At night, she slept poorly. Dreaming of her parents, of Rosa and the others. It was as if she could anticipate the horror that would befall them, yet she remained powerless some hundred thousand miles away.

She tried to convince Isaac that he must
act
, that he must be stronger with his brother, Jacob, and insist that he and the others come before it was too late.

“What can I do, Justine?” Isaac cried. His thin, wiry body looked like a violin that was having its strings plucked every time his wife insisted he wasn’t doing enough.

“They all refused to come! And your parents…Justine, they insisted they were too old to make such a journey.”

In the end, by the time Isaac’s younger brother realized he had made a mistake in not joining his brother and his family, it was too late. Less than a year and a half later, they received their last letter from Jacob. Not even the money Isaac had sent could buy them new passports and a ticket to Peru. The Nazi soldiers had already taken the neighbors, and perhaps, within hours, they too would be
taken. The irony of the last line of Jacob’s letter was even too much for Isaac to bear.

“I close this letter, dearest brother, with the admission of my foolishness. Isaac, I wished I had listened to you. In the end, dear brother, you were right.”

For months after that, Justine and Isaac prayed for another letter to arrive. But nothing came.

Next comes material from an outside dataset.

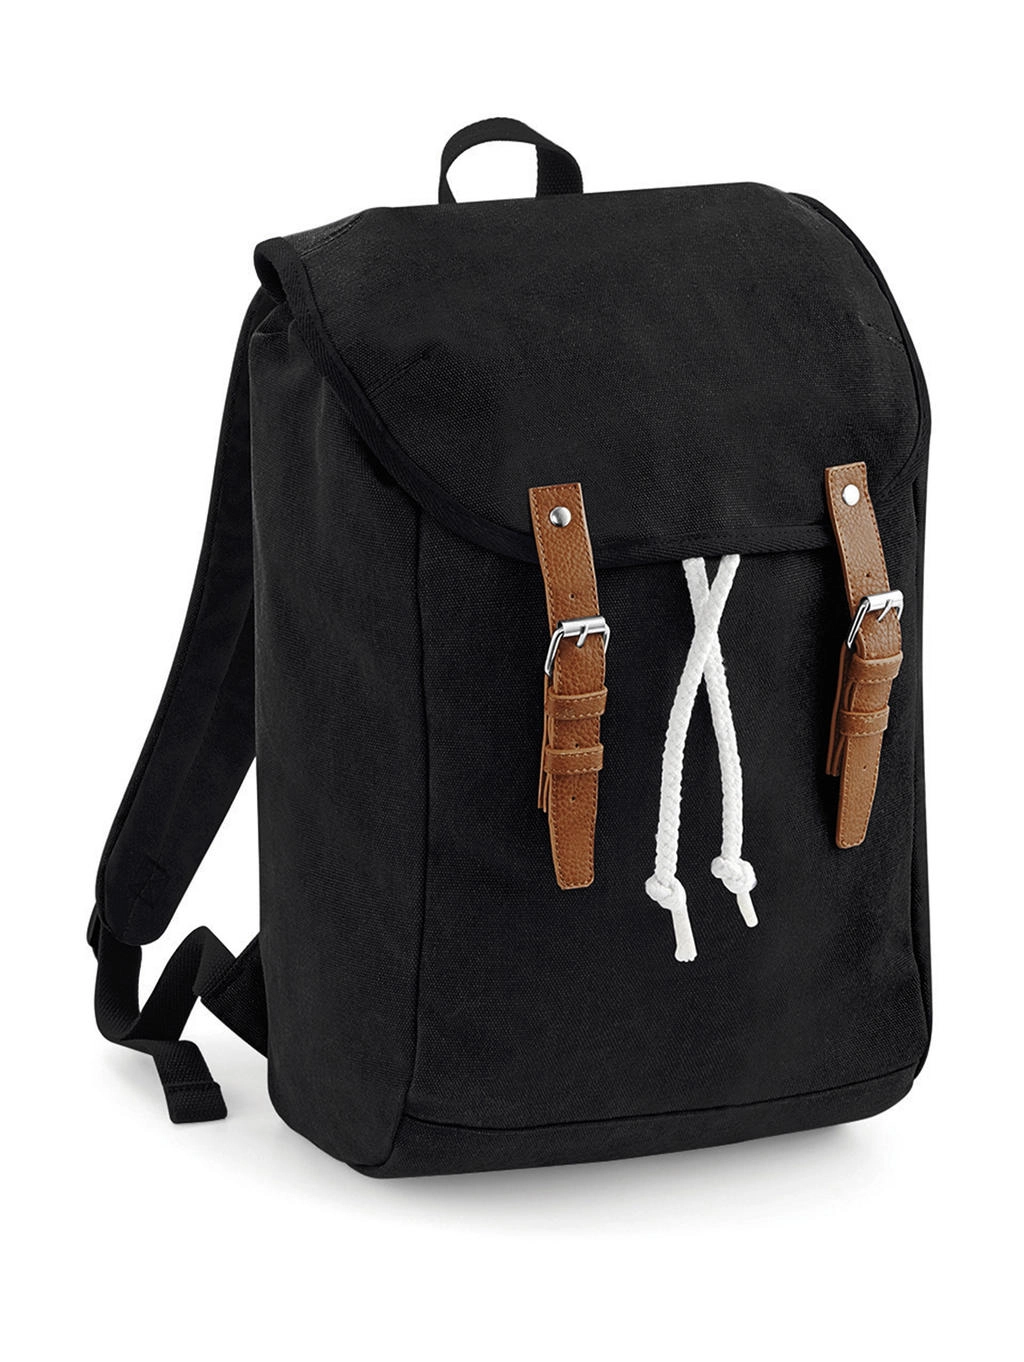 Vintage Backpack zum Besticken und Bedrucken in der Farbe Black mit Ihren Logo, Schriftzug oder Motiv.

“We need to begin mourning them,” Justine whispered one night after it was clear that there would be no more letters, that the headlines of what was happening back in Europe were true.

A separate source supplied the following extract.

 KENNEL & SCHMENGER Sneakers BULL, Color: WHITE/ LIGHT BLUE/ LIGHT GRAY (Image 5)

The night they began their official period of grieving, she tore the children’s clothes as tradition dictated and covered the mirrors with heavy black cloth. That evening, as she and Isaac traveled to the small Sephardic synagogue to say the kaddish, Justine’s eyes were red from crying. Her willowy frame appeared haggard and concave. From underneath her black crepe dress, Samuel could see the trembling of his mother’s limbs, the high relief of her collarbone, the two round knobs so pronounced that her pearls seemed to hang like a rope strung across two pegs.

His father appeared defeated. His suit hung like wasted wool, as if it lacked the necessary form to fill its lines and seams. The old man’s face appeared frozen. As if he could not contain his disbelief that he was mourning for a family that he could not bury. Without a proper burial, without going through the rituals of death—the interment of the coffin, the throwing of dirt on the grave—it was tempting to believe that he could maintain the fantasy that his brother and his brother’s family were still alive and safe.

Both Justine’s and Isaac’s guilt consumed them. It fed off their bones; it harvested the light from their eyes. They were no longer capable of having a conversation between them. They could not even enjoy their food.

“This has no taste,” Isaac would say as he pushed his plate away from him. “I have too much work to do to eat.” He would then leave his wife and three sons and retreat to his office, where he would not do a single shred of paperwork. He would simply stare at the ceiling for hours.

Samuel’s mother, however, would remain at the dining-room table while her three boys ate their dinner. Her attendance was not derived from any sense of maternal duty, but could rather be attributed to the catatonic state she had slipped into after the arrival of Jacob’s last letter. Like her husband, she hardly touched the food on her plate, and she remained silent as the servants entered the dining room serving and clearing the dishes with care. On the few occasions she did speak, Samuel recalled that it was always about how they should be grateful, that their cousins and other relatives were far less fortunate than they. His two brothers would always grumble as their mother spoke. As young boys, they were far more eager to shovel the food into their bellies and be out of the house where they could meet friends and be where things were far less strained. Samuel, however, rarely left the table until his mother stood up from her seat. He thought if he was good enough—if he waited patiently enough—that one day the mother he had had back in France would return.